▸ WHAT TO DO
Give back one number only: how many lines in the material below contain "with".

▸ DATA FOR REVIEW
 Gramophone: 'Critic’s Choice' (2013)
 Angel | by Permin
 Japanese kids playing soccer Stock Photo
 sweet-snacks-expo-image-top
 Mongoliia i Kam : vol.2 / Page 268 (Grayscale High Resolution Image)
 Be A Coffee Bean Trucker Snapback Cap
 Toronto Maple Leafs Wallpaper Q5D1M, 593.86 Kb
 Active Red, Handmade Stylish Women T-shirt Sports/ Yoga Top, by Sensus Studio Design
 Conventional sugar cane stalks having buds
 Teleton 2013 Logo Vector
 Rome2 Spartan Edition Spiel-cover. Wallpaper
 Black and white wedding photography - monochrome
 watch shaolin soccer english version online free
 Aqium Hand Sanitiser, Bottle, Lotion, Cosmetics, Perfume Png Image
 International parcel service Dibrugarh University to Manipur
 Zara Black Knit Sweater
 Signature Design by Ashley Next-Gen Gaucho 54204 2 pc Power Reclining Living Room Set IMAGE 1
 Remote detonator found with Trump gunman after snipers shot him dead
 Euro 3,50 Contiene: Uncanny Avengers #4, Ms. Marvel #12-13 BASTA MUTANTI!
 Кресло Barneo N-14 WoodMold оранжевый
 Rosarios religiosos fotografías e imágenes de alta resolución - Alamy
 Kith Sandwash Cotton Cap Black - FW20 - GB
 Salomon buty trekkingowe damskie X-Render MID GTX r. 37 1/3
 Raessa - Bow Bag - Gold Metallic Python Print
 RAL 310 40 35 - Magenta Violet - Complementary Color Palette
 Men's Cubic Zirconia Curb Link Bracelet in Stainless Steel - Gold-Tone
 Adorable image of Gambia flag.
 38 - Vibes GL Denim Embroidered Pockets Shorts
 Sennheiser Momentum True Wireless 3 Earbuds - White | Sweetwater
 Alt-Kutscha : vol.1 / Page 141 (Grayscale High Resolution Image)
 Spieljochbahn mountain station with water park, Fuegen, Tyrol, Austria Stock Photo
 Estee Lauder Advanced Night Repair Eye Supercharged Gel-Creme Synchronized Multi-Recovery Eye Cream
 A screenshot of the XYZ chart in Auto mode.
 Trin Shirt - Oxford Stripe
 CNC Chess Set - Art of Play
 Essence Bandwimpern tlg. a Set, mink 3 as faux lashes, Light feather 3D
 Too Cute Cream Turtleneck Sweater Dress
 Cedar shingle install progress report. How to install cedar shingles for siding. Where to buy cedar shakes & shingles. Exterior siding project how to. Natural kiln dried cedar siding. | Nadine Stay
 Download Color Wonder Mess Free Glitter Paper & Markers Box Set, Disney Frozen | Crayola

▸ ANSWER SPACE
2